On 02/16/2016 03:08 PM, Matt Johnson wrote:
Don't people in China use the term "Beijing Time"?
Yes, they use "北京时间" (Beijing Time, which we abbreviate as "CST" for China Standard Time because that's what we've done for decades), just as people in Russia use "Московское время" (which we abbreviate to MSK for even odder historical reasons). But Russia does not have standard names or abbreviations for anything other than Moscow time, and in this sense Russia is like China (though China is mostly a one-time-zone state so the problem of inventing abbreviations mostly does not come up there).
Even in the US, I think if you said "New York Time", people would know you meant Eastern.

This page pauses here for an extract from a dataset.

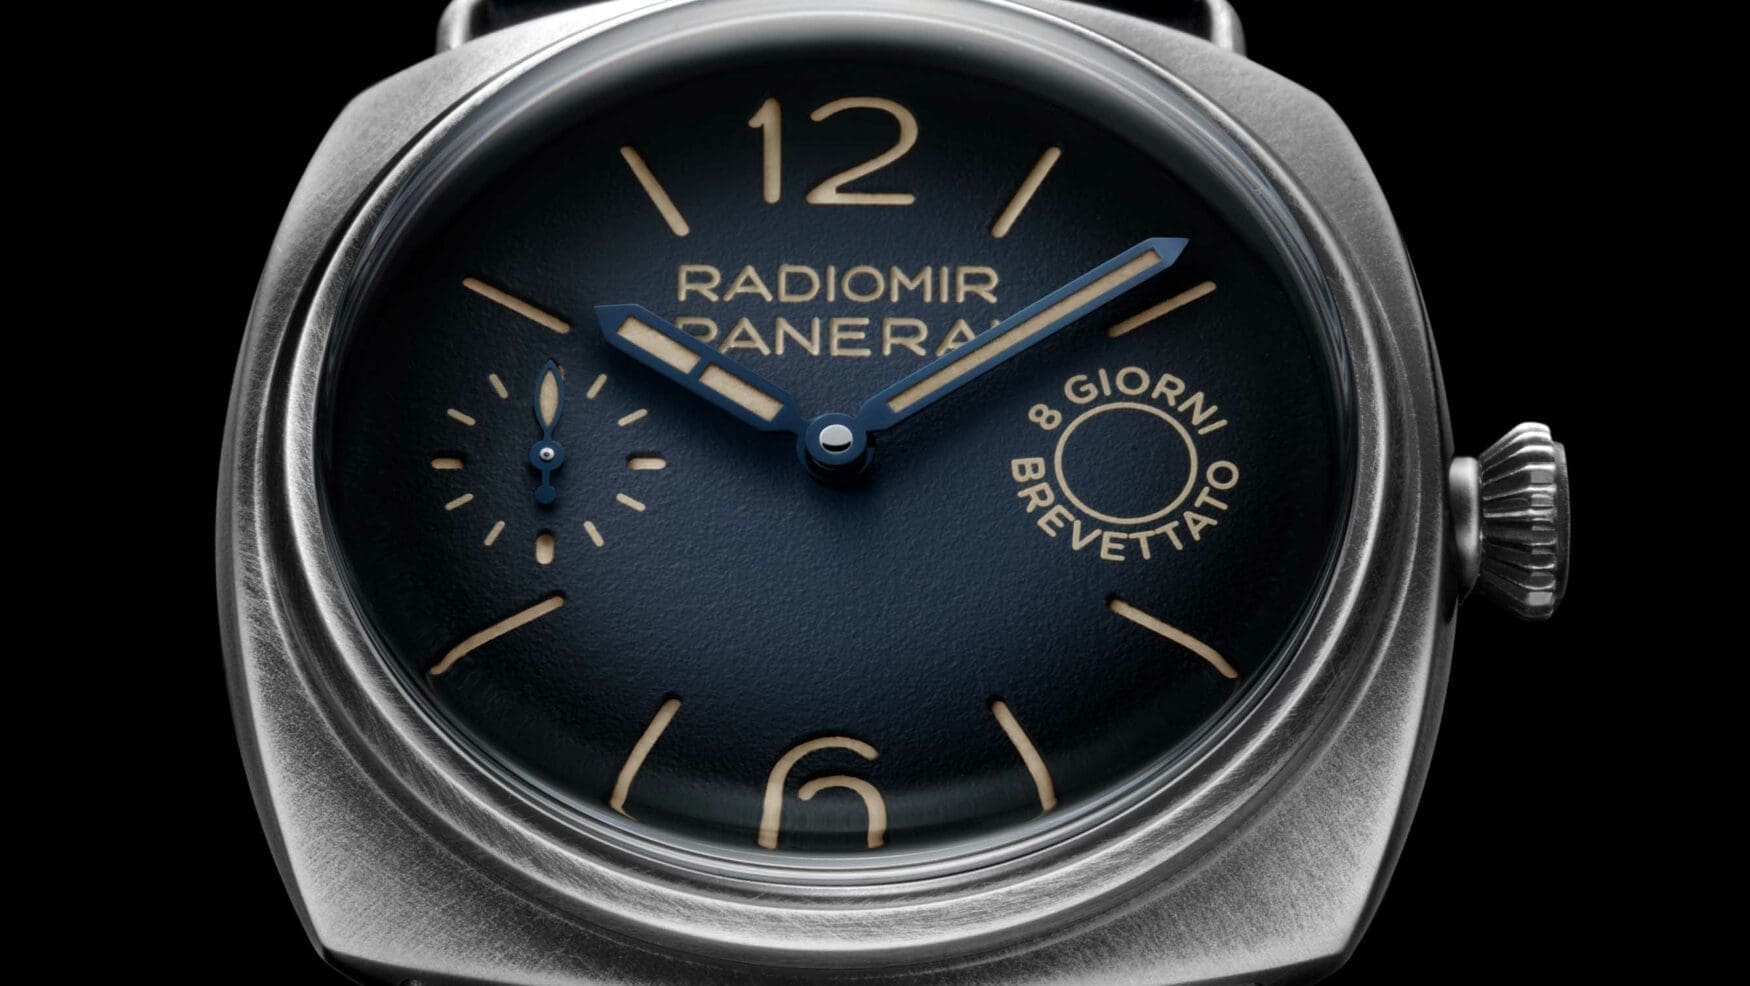 The Panerai Radiomir Otto Giorni is a prototype-inspired novelty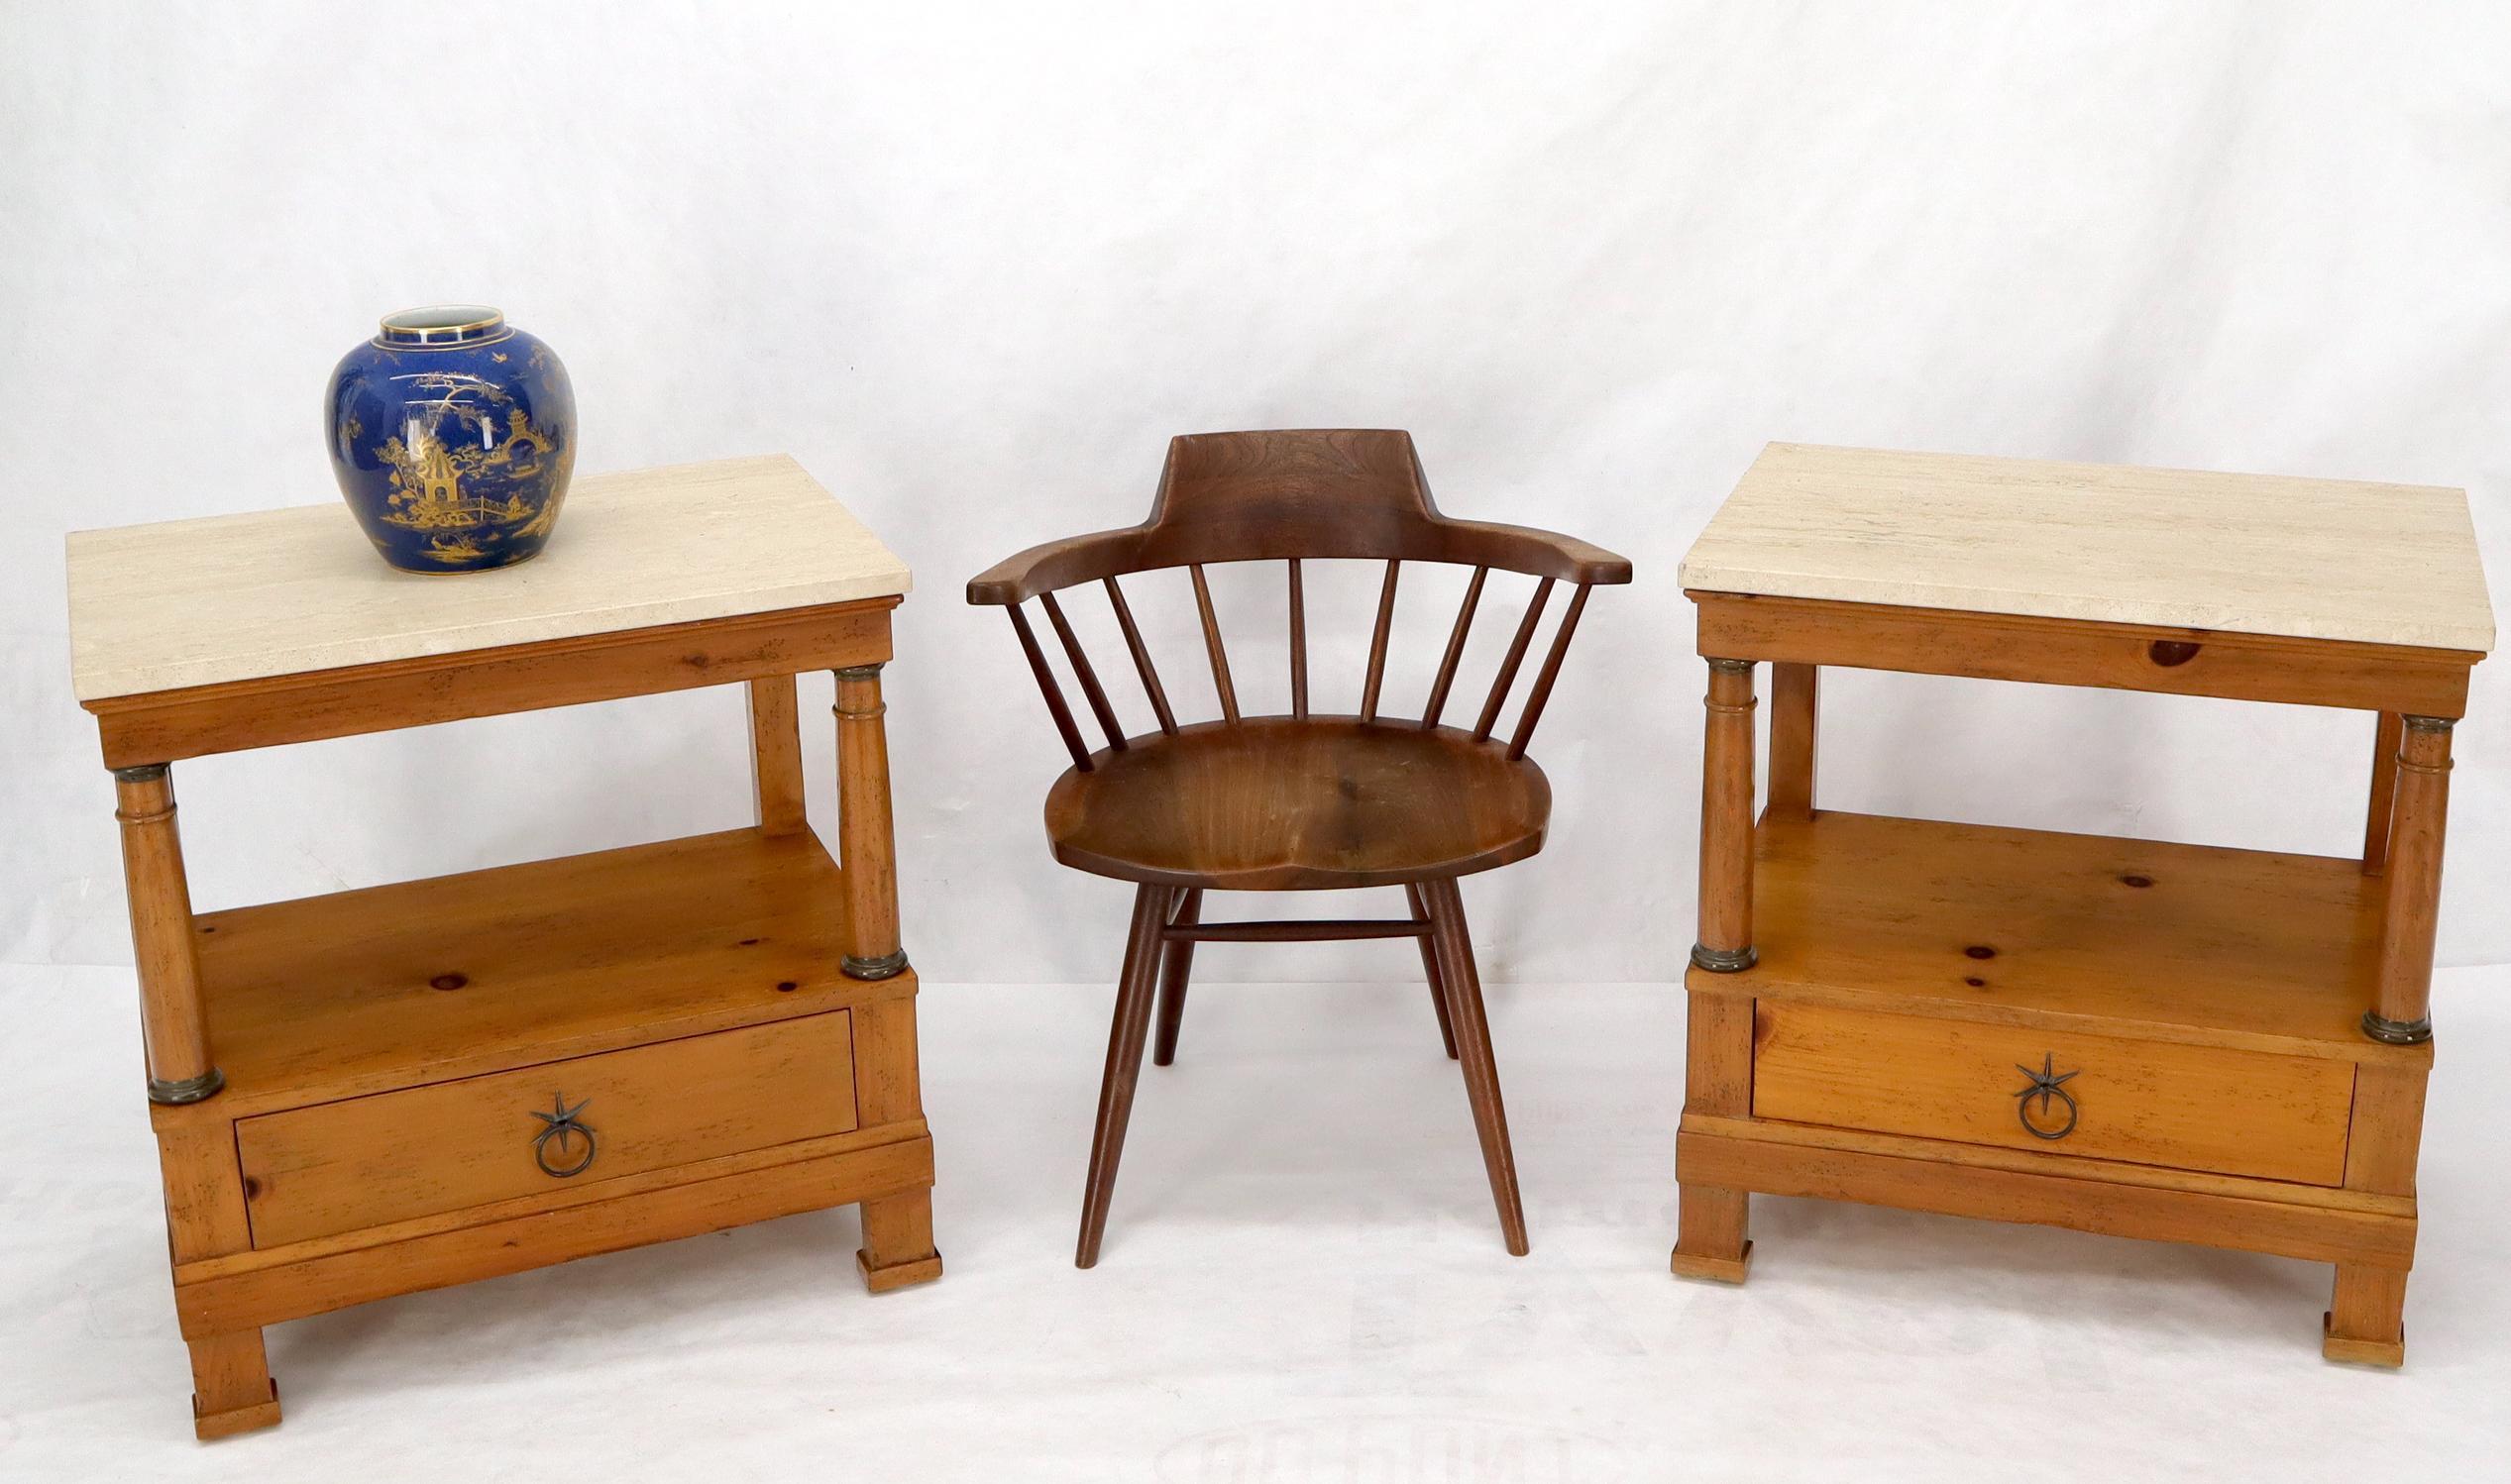 Pair of stylish floating on pillars travertine marble top one drawer knotted pine end tables night stands.

Sure, and if you said "Houston Time" people would know you meant Central. But that doesn't mean the time zone is called "Houston Time" or is abbreviated "HOUT".
it would help to define the problem more clearly by understanding the current usage of these abbreviations. Where are they *actually* needed?
strftime's %Z format. This C-library interface is used by the 'date' command to get the time zone, and by lots of higher-level APIs, e.g., the current-time-zone function in GNU Emacs. There are other low-level C interfaces like tzname, but strftime %Z is the main thing.
In other words, in what use case(s) would I actually want to use abbreviations from TZDB instead of those from CLDR?
It depends on what you want to do. Ideally, you'd never want to use them in a new application. But legacy interfaces like strftime and current-time-zone must use them.
What would be the consequence of just removing the column entirely? (ok, maybe too drastic, but just for discussion)
strftime %Z would stop working, and lots of old and/or questionable code would stop working.